Figure 3. Relative abundance of fungal taxa across age. Heatmap of sequencing results for all BALF samples in CF and DC groups with samples arranged in order of increasing age (in years). Fungal Taxa that had a relative abundance of over 40% in at least one of the samples are included. PWCF had higher relative abundance of Candida-Lodderomyces-clade (Wilcoxon, p = 0.01) and Aspergillus (Wilcoxon, p = 0.06). The taxonomic OTUs reflect the resolution available from information content of the sequences and represent mutually exclusive groups, there is no overlap between sequencing counts due to placement in the taxonomic hierarchy.
The mycobiome compositions for the low-diversity samples, defined as those with a Shannon Diversity index under one, are shown in Supplementary Figure 5. The 13 low-diversity CF samples consisted of samples dominated by Clavispora-Candida-clade (n = 1, 8%), Candida-Lodderomyces-clade (n = 4, 31%), Aspergillus (n = 4, 31%), Trichosporon (n = 1, 8%), Microascaceae (n = 1, 8%), Herpotrichiellaceae (n = 1, 8%), and Trichomonascaceae (n = 1, 8%), while the three low-diversity DC samples consisted of samples dominated by unclassified fungi (n = 1, 33%), Clavispora-Candida-clade (n = 1, 33%), and Taphrinomycotina (n = 1, 33%).
Clustering analysis
Samples with sufficient load for sequencing were clustered into hierarchical groups to evaluate potential associations between samples with similar mycobiomes and clinical variables, the annotated heatmap is shown in Supplementary Figure 6. Samples showed no clustering by CF status or other primary diagnoses. However, notable clusters included those containing high abundance of Aspergillus and Candida-Lodderomyces-clade, which were both associated with lower diversity (Spearman, p < 0.01 and p = 0.03) and higher TFL (Spearman, p = 0.11 and p < 0.01). Additionally, PCoA including both patient samples and background control samples showed no notable differences in the mycobiome composition between disease groups or between samples and negative controls (Supplementary Figure 7).

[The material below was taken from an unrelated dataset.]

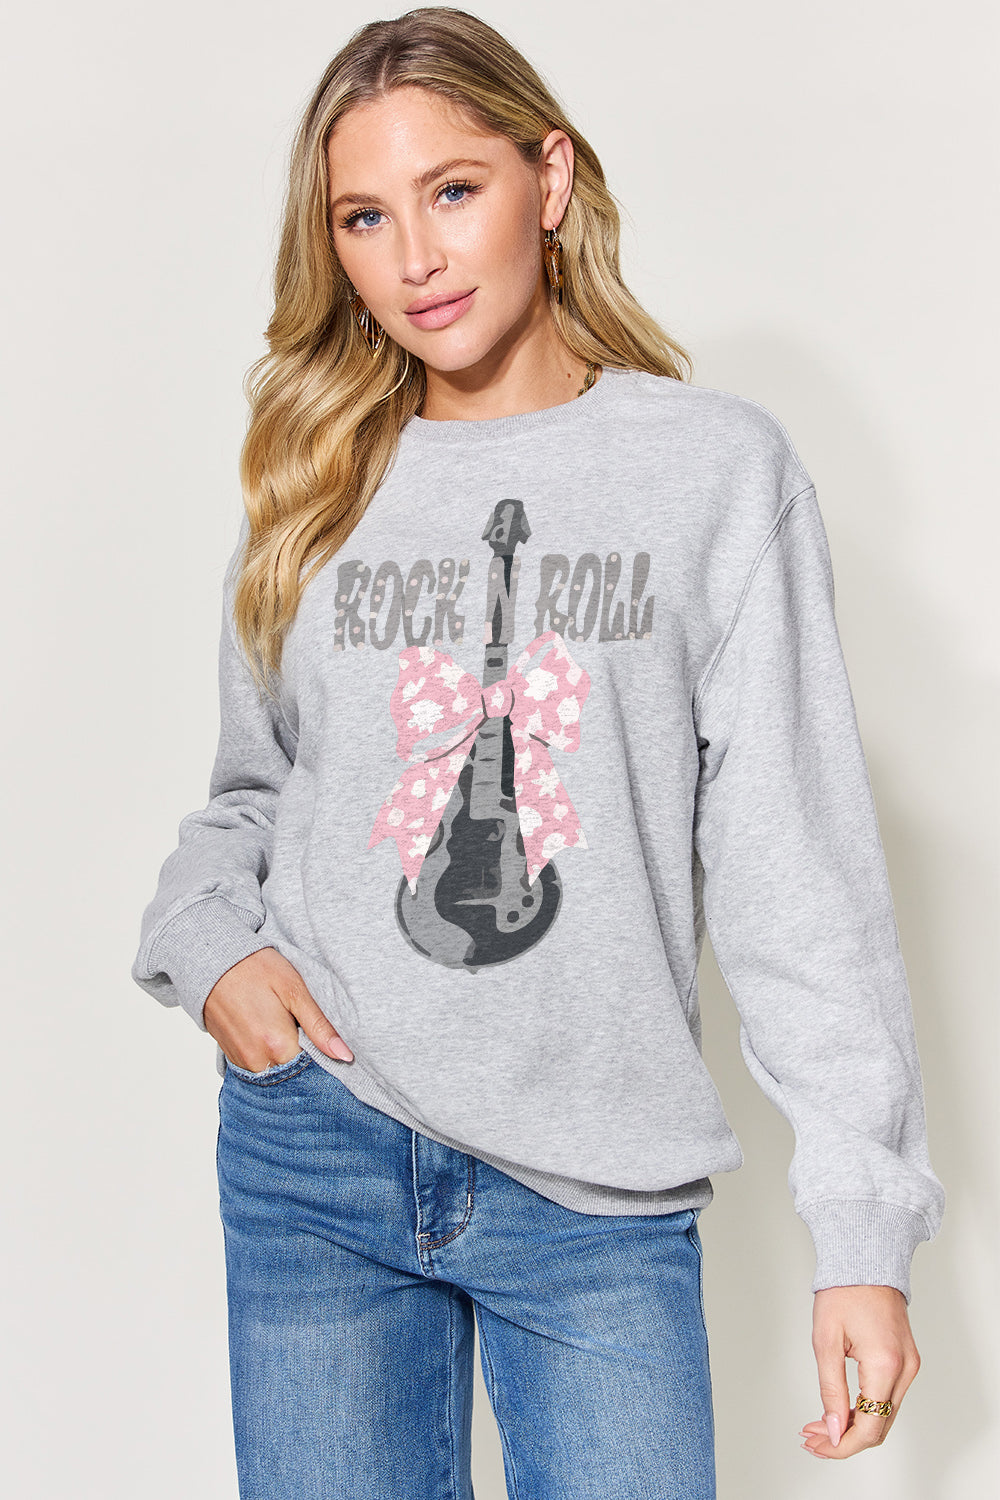 Simply Love Full Size Rock N Roll Guitar With a Bow Graphic Long Sleeve Sweatshirt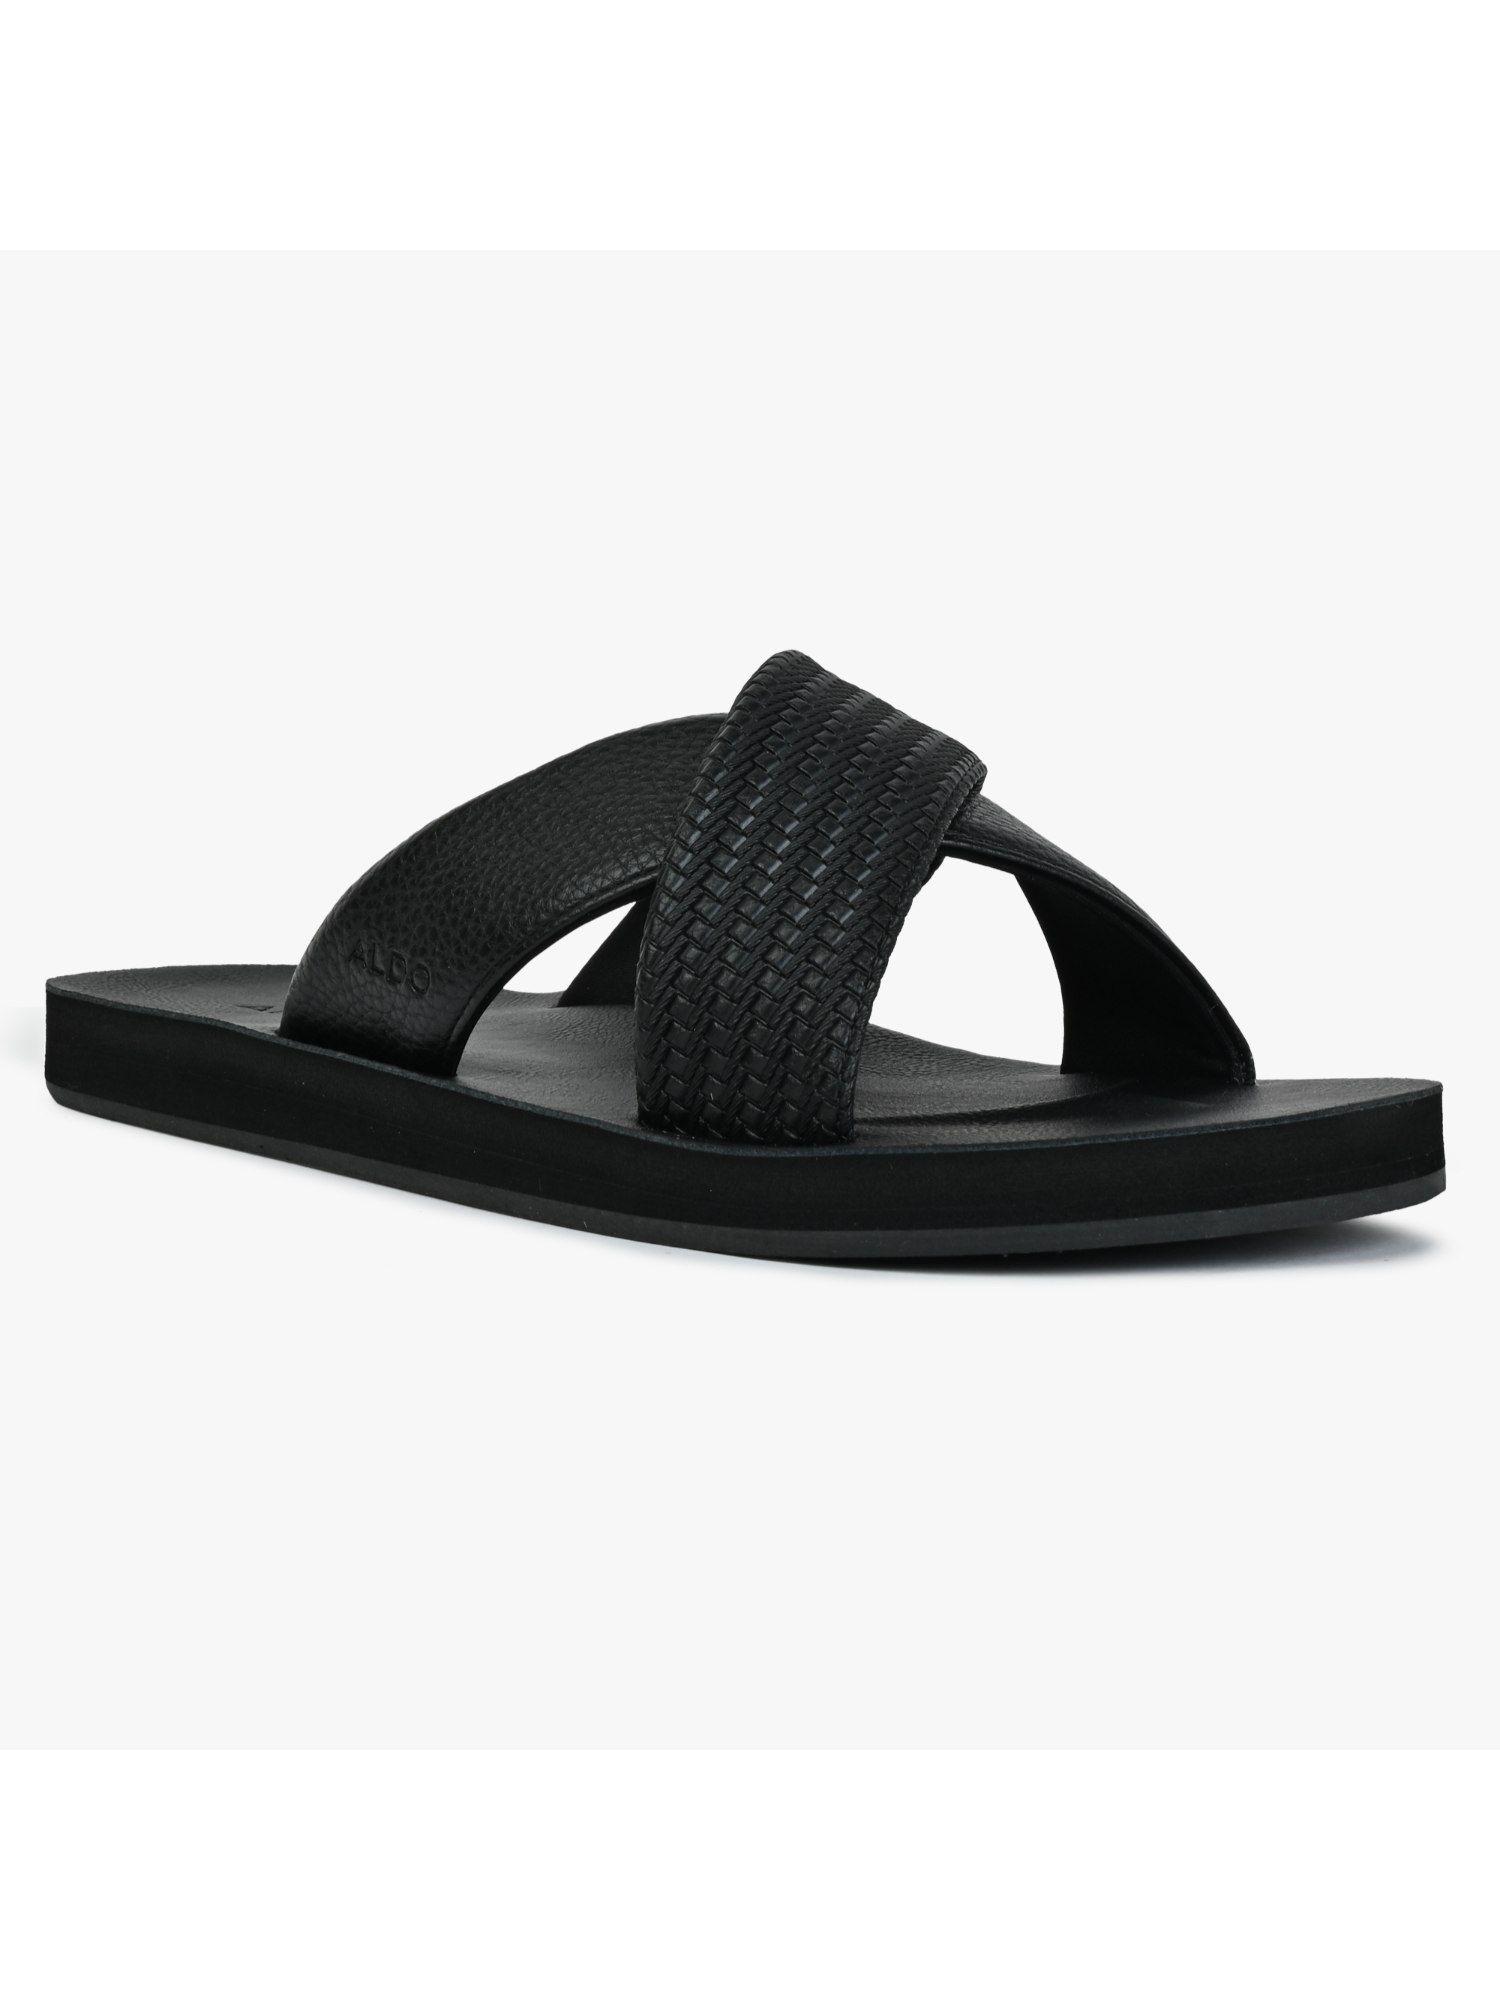 stmock007 black synthetic sandals

Inflammation across groups and TFL
In the entire set of 191 samples, when compared to DCs, PWCF had higher white blood cells (WBC) in BALF (Wilcoxon, p < 0.01) and increased neutrophilic inflammation, as measured by percent neutrophils (Wilcoxon, p < 0.01). This was true across the range of TFL measured in samples by qPCR (Figure 2B). Percent neutrophils exhibited a slight positive correlation with TFL in DC samples (Spearman coefficient = 0.17, p = 0.07), but showed no correlation in PWCF (Spearman coefficient = 0.04, p = 0.76) which had heightened neutrophilic inflammation even at lower fungal burdens.
Culture results
Fungal culture data were only available for 28 total BALF samples (15%) and was more frequently available in PWCF (Fisher’s exact, p < 0.01). When analyzed by study site, fungal culture results were more frequently available in samples from the University of Minnesota (Chi square, p < 0.01). When compared to bacterial culture results, fungal culture results were often accompanied by bacterial culture results (Fisher’s exact, p = 0.02) most of which were positive (Fisher’s exact, p < 0.01). Positive fungal cultures were also more frequently associated with positive bacterial cultures (Fisher’s exact, p = 0.046).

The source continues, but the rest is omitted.